Thursday, June 13, 2013

A Vision of Precision, Revised

Every day this week we've been playing with math dice. Enthusiastically.

I'm not going to name the company because not only do I not review or endorse any product on this blog for money or power (not that they asked) but it is also quite easy to go out to your local games shop and get your own set of two 12-sided and three 6-sided dice. (The rules are also pretty easy to figure out: multiply or add the two numbers on the 12-sided dice and then roll the six-sided dice and try to find a way to make the target number using as many operations as you know.)

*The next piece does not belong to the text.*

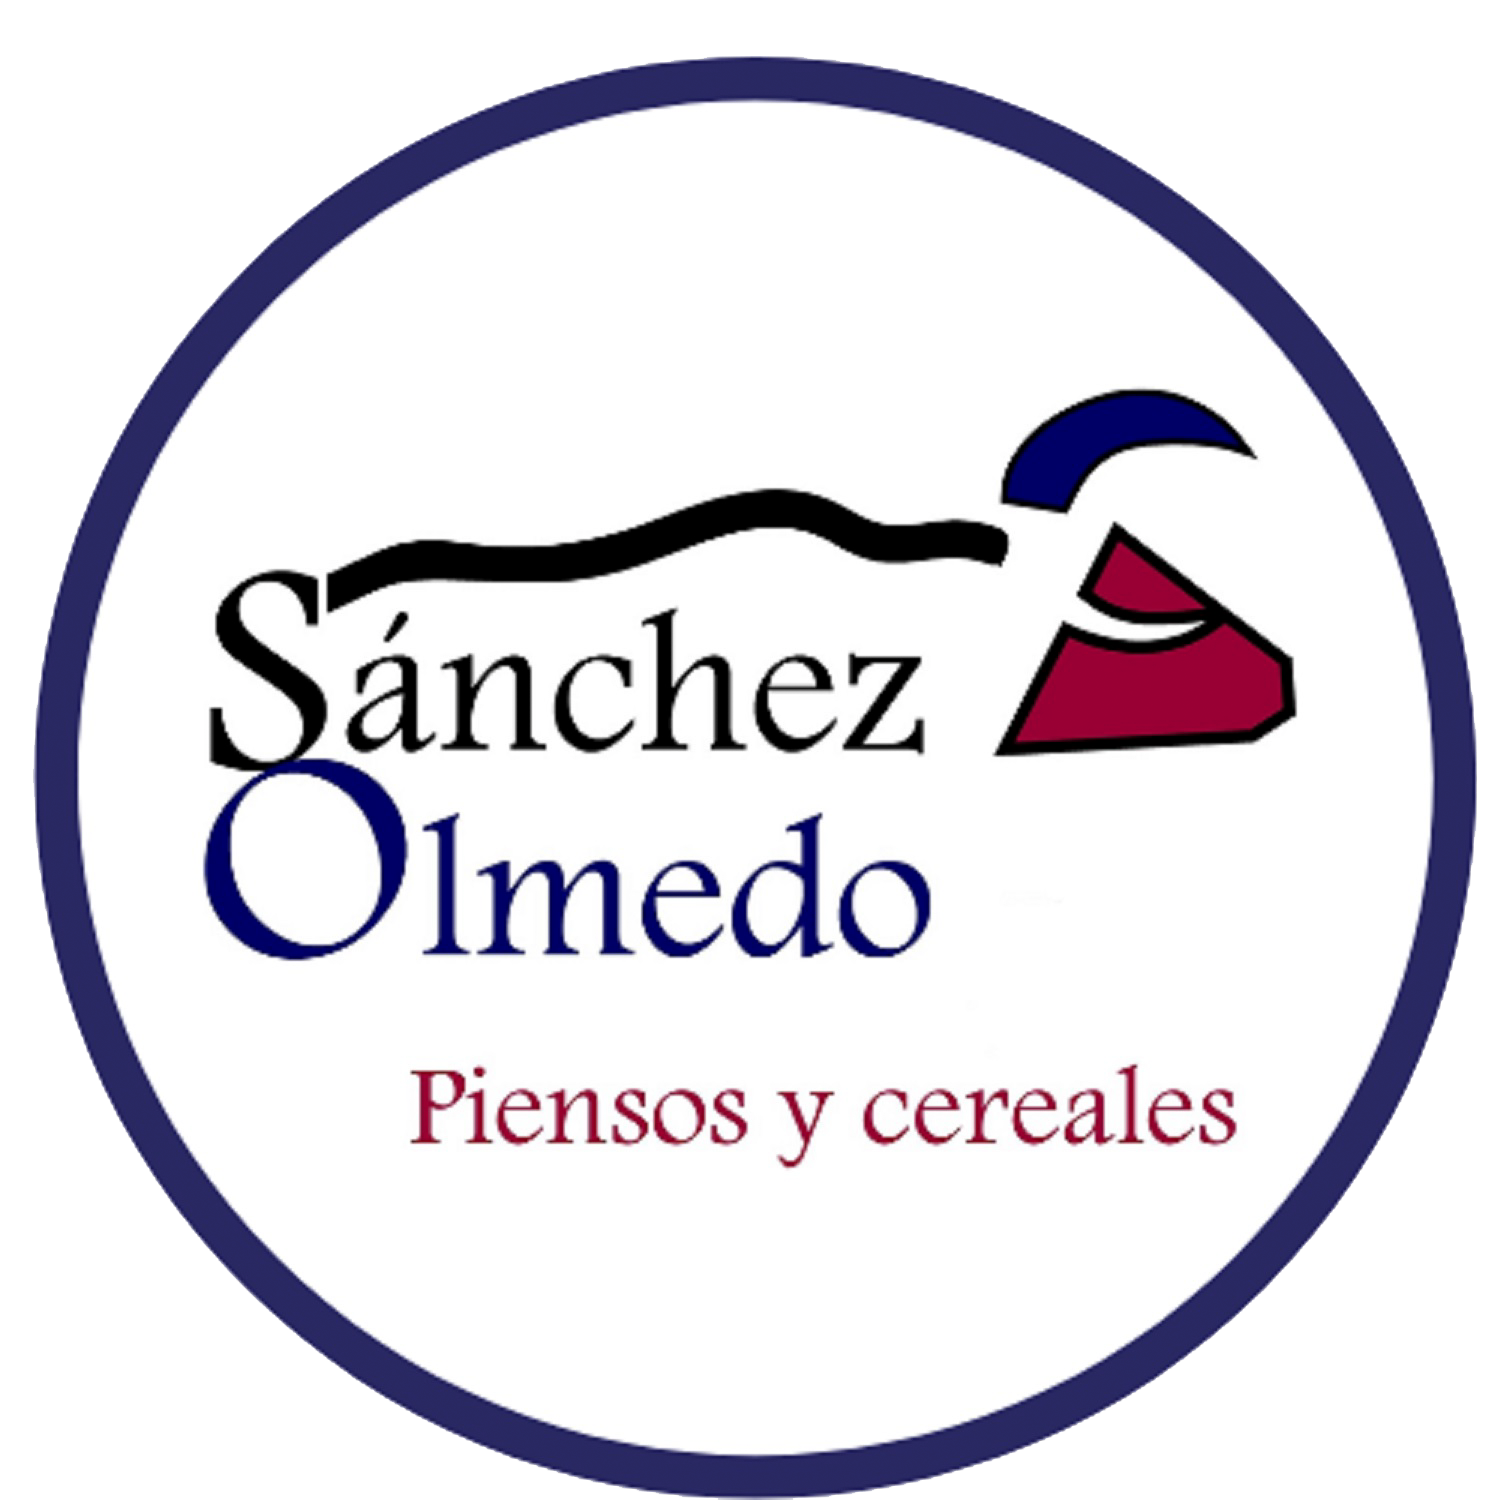 Sanchez Olmedo
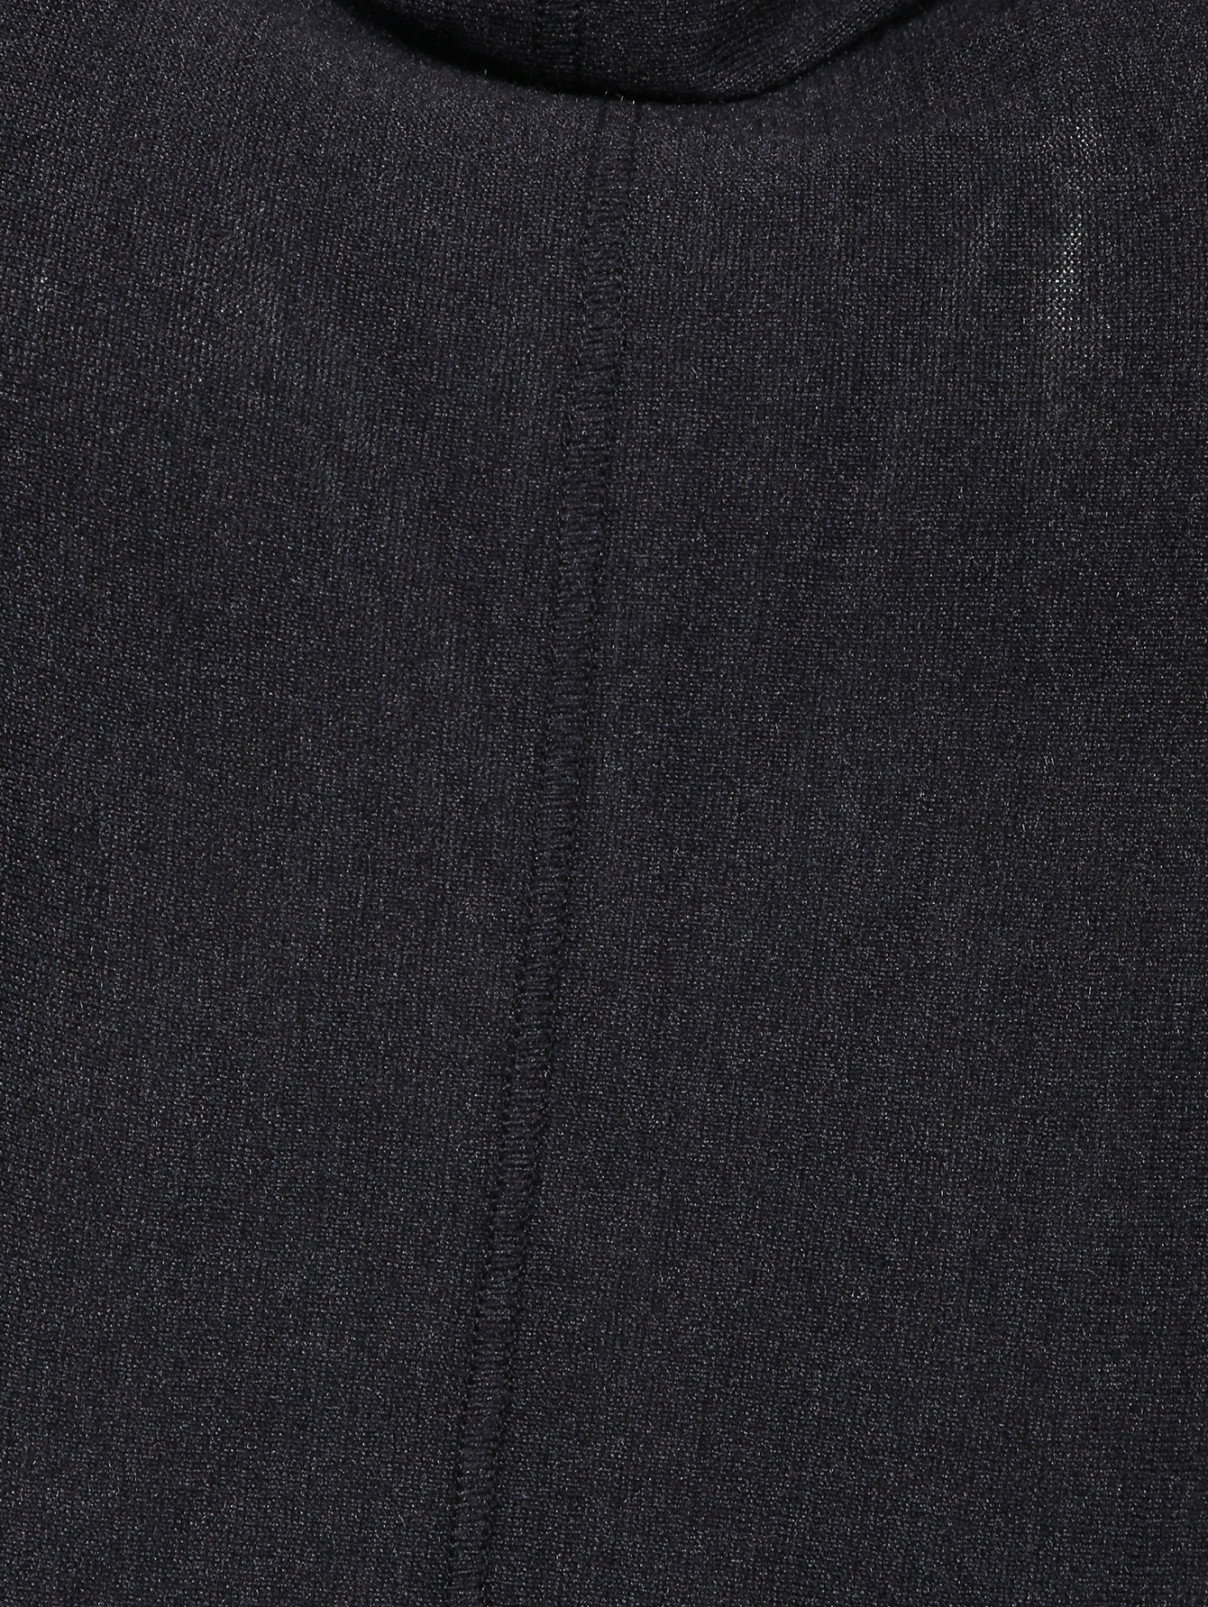 Джемпер из шелка Marina Rinaldi  –  Деталь1  – Цвет:  Серый

Did I mention the enthusiasm?

My newly eight-year-old is enthusiastic about many things but has always been a little standoffish with her affinity for math, probably because, I think, she perceives it as my 'thing'. So, it's been nice to be able to truly enjoy a math game together.  (It's been a while -- we were heavy into UNO a couple years back which was super fun.)  It's clear my kid is on her way to a happy relationship with operations, but there's something even more interesting developing...

I had always thought my girl was not what I would call 'systematic' or 'precise'.  I know for sure she is prone to intuitive leaps of connection or understanding and lots of messy tinkering, none of it looking either precise or systematic to my eyes.

As I've been drafting and revising this post I've realized that maybe she has been those things, I just haven't been able to see it.  And, as we've been playing the dice game I've watched her systematically running through different combinations of the six-sided dice (by moving the dice physically to different positions) and  reasoning to herself out loud as she thinks through the different ways to use the hand she's rolled.

I guess I always thought that precision in mathematical problem solving looked, well, neat and orderly and on paper.

Anyhow, I am not (too) ashamed to admit that I was wrong. I think she's been precise and systematic in her own way for a while now. In retrospect, I realize I've heard this kind of  'talking herself through' a series of moves or ideas before. Systematically. In math and in many other contexts. For years. In a messy, verbal, highly enthusiastic way.

Okay, so I'm a slow learner I guess, but pretty open minded all the same. I think it's worth considering that there must be a difference in the way children and adults go about their reasoning. Or, at the very least, that I have a deeply ingrained image of 'what it looks like to do math'. I'm going to keep thinking about all this. If you have any observations or resources to share on this subject, I'd be tickled pink.

In the end, I'm super impressed that not only is she beating the pants off me but she has also created her own strategy for combining operations to reach a target number.  And it's all her.  The only thing I did was bring out the dice.